We are given: Window size: \(40 \thinspace cm \times 40 \thinspace cm\) Temperature of the blackbody: \(T = 1200 \thinspace K\) Transmissivity of the glass: \(\tau(\lambda) = 0.7\) for \(0 \leq \lambda \leq 3 \thinspace \mu m\), and \(0\) for \(\lambda > 3 \thinspace \mu m\)

We will use Planck's law of blackbody radiation in terms of wavelength. The formula is given by: \(I(\lambda, T) = \frac{2 \pi hc^2}{\lambda^5} \frac{1}{e^{\frac{hc}{\lambda k_B T}} - 1}\) Where: - \(I(\lambda, T)\) is the intensity of radiation per unit wavelength, - \(h\) is the Planck's constant \((6.626 \times 10^{-34} \thinspace Js)\), - \(c\) is the speed of light \((3.0 \times 10^8 \thinspace m/s)\), - \(\lambda\) is the wavelength, - \(k_B\) is the Boltzmann constant \((1.381 \times 10^{-23} \thinspace J/K)\), - \(T\) is the temperature of the blackbody.
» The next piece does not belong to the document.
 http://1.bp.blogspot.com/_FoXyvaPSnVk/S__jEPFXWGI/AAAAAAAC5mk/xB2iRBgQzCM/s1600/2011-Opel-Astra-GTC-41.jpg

The transmitted intensity is given by the product of the intensity of the blackbody and the transmissivity of the glass. \(I_{transmitted}(\lambda) = I(\lambda, T) \times \tau(\lambda)\)
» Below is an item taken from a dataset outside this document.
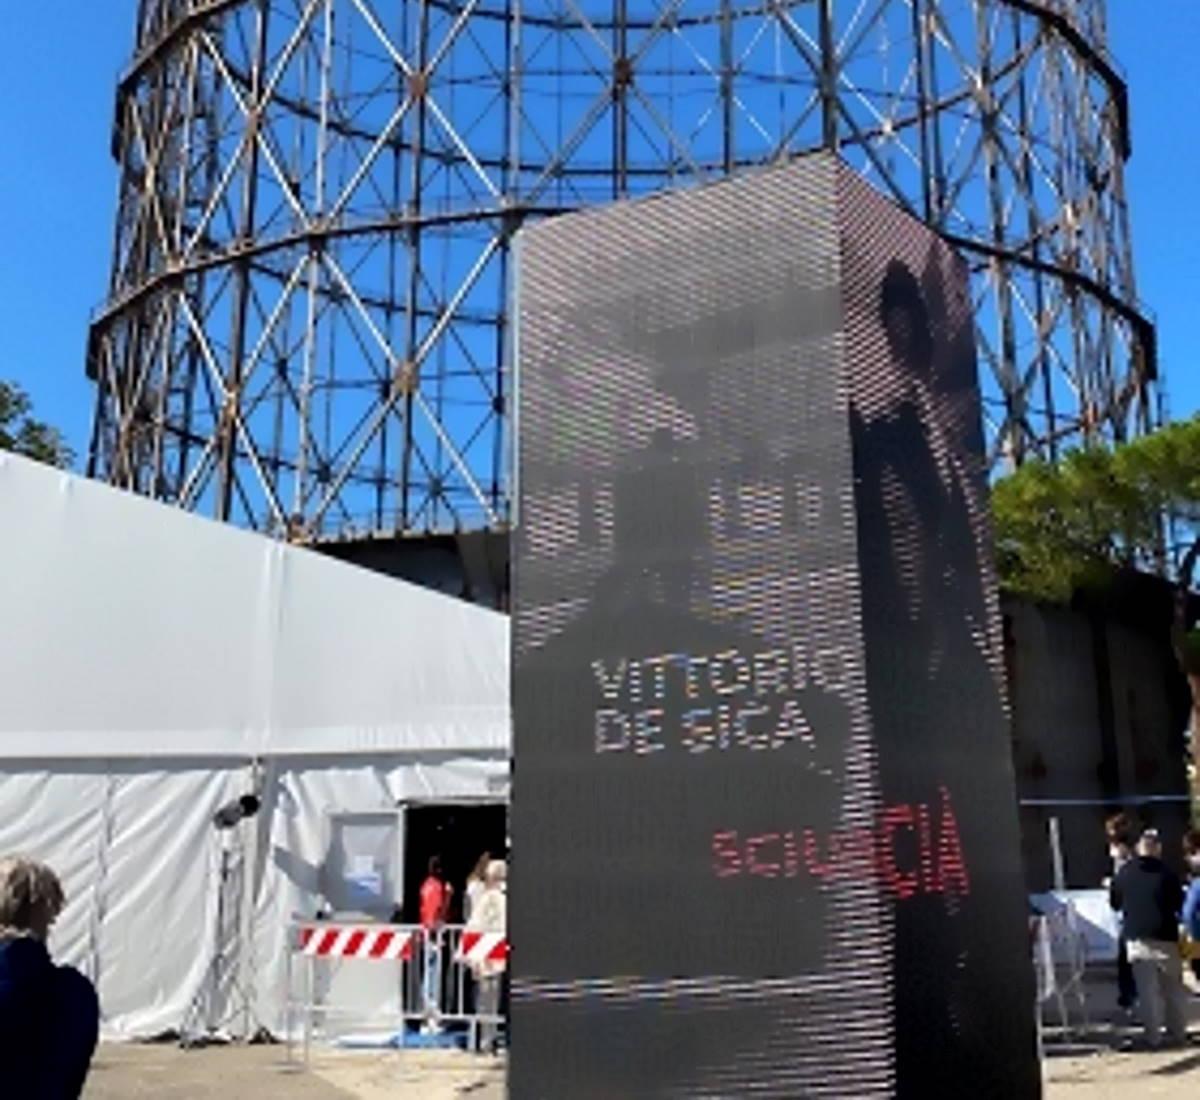 Si è chiusa a Roma Maker Faire, importantissima manifestazione dedicata all'innovazione

We will integrate the transmitted intensity over the entire wavelength range, and then multiply it with the window area to get the rate of transmitted radiation. \(R_{transmitted} = Area \times \int_{0}^{\infty} I_{transmitted}(\lambda) d\lambda\) Since \(\tau(\lambda)\) is zero for wavelengths greater than \(3 \thinspace \mu m\), we only need to integrate from \(0\) to \(3 \thinspace \mu m\): \(R_{transmitted} = Area \times \int_{0}^{3 \times 10^{-6}} I_{transmitted}(\lambda) d\lambda\) We can use numerical integration (e.g. Simpson's Rule) to compute the integral.
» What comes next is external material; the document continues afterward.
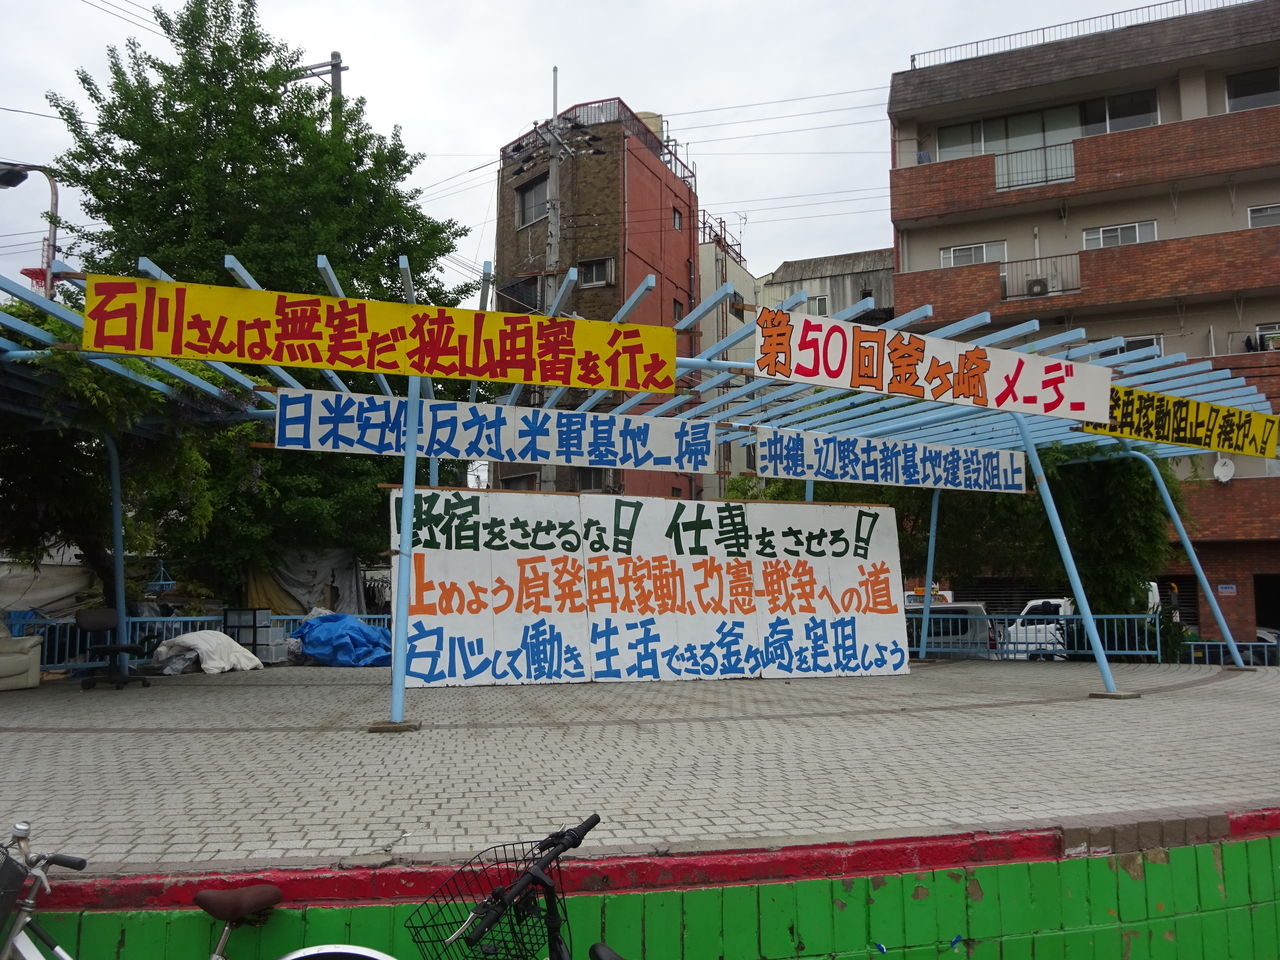 ハウス 不動産 逮捕 リング フィー 上村

The fraction of transmitted radiation is given by the ratio of transmitted radiation to the total radiation from the blackbody. \(f = \frac{R_{transmitted}}{R_{total}}\) Where the total radiation, \(R_{total}\), can be found using the Stefan-Boltzmann law: \(R_{total} = Area \times \sigma T^4\) Where \(\sigma\) is the Stefan-Boltzmann constant \((5.67 \times 10^{-8} \thinspace W/m^2K^4)\). Thus, the fraction of transmitted radiation \(f\) can be found after computing the values of \(R_{transmitted}\) and \(R_{total}\). In conclusion, we have discussed how to approach the problem of finding the fraction and rate of radiation transmitted through a glass window of a blackbody furnace. The main steps involve understanding the Planck's law of blackbody radiation and applying the transmissivity of the glass to calculate the transmitted radiation. Then, the rate of transmitted radiation can be found by integrating the transmitted intensity over the wavelength range, and the fraction of transmitted radiation can be found by taking the ratio of transmitted and total radiation.